Otros tenían otras técnicas con las que mi padre no estaba dispuesto a lidiar. La gente le dio fama de duro por cumplir fielmente las órdenes de su trabajo, lo que le granjeó no pocos enemigos, tanto dentro como fuera de los Muelles. Aquí va una anécdota escrita por él mismo, que ilustra certeramente la situación al respecto:

"Uno de los tantos días que uno de mis hijos me llevaba el desayuno al Dique, como ya le conocían, Antonio el conductor del taxi, que era muy guasón, subió al chico al coche acompañado de un cambullonero bastante singular. Ya en él, éste le preguntó que clase de persona era el cabo Silva. Aquel hombre echó por la boca toda clase de sapos y culebras, pero al decirle que el chico que iba detrás era su hijo, con la proverbialidad que le caracterizaba, empezó a hacerle caricias y a decirle "tu padre es el caballero más grande que tiene el Servicio de Guardamuelles y tantas otras lisonjas. Al decírmelo el chófer, no tuve más remedio que echarme a reír?"

Siempre se tomó estas cosas con mucho sentido del humor.

6. Montepío. Se conocía con este nombre a la Oficina Delegada de Empleados y Obreros de Juntas de Obras de Puertos. Fundada en 1964, estaba compuesta por un grupo de hombres entusiastas y desinteresados; un vicesecretario (Enrique Trijueque Asturiano) un secretario (mi padre, Federico Silva Caballero) un vicepresidente (Antonio Puente Bujados) y destacando muy especialmente la figura de su presidente, Juan Lozano.

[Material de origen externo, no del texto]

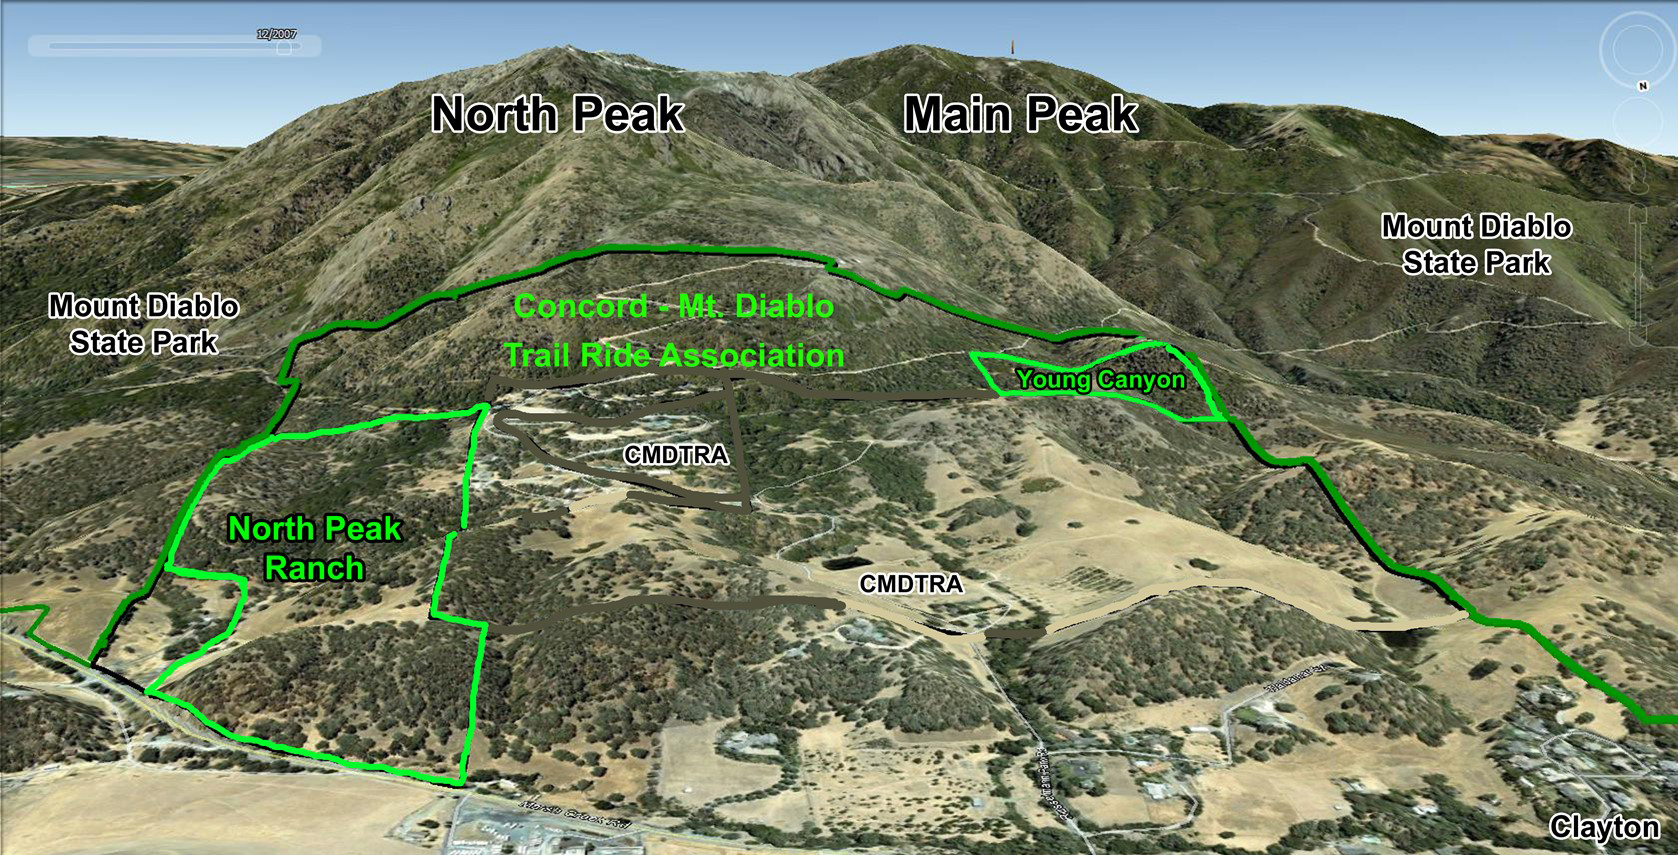 The Concord Mt. Diablo Trail Ride Association conservation easement land, which is surrounded by Mount Diablo State Park on three sides and other lands being protected by Save Mount Diablo.

Gran conocedor del reglamento y disposiciones, noble y sin dobleces. Cuando tomaba un asunto en sus manos, había la plena seguridad de que saldría bien; siempre dispuesto a servir al personal. Muchas horas extras para atender y resolver complicadas situaciones que le presentaban los afiliados con su rapidez y característica entre ellas quizás una de las más difíciles, la de hacer abortar la gravísima situación en que habían colocado a unos modestos empleados al pretender que se jubilasen sin tener el tiempo reglamentario para ello. Una difícil papeleta resuelta gracias a su gestión, y que seguramente nunca olvidarán los que estaban incursos en ella.

Asimismo cabe destacar la labor archivística de la Secretaría, que con notables medios (le dieron todo el material de oficina que había pedido) pero escaso tiempo (las horas libres del servicio diario) logró organizar y encauzar la labor administrativa de esta importante Oficina, que, aunque actualmente desaparecida, fortaleció la logística portuaria de la época.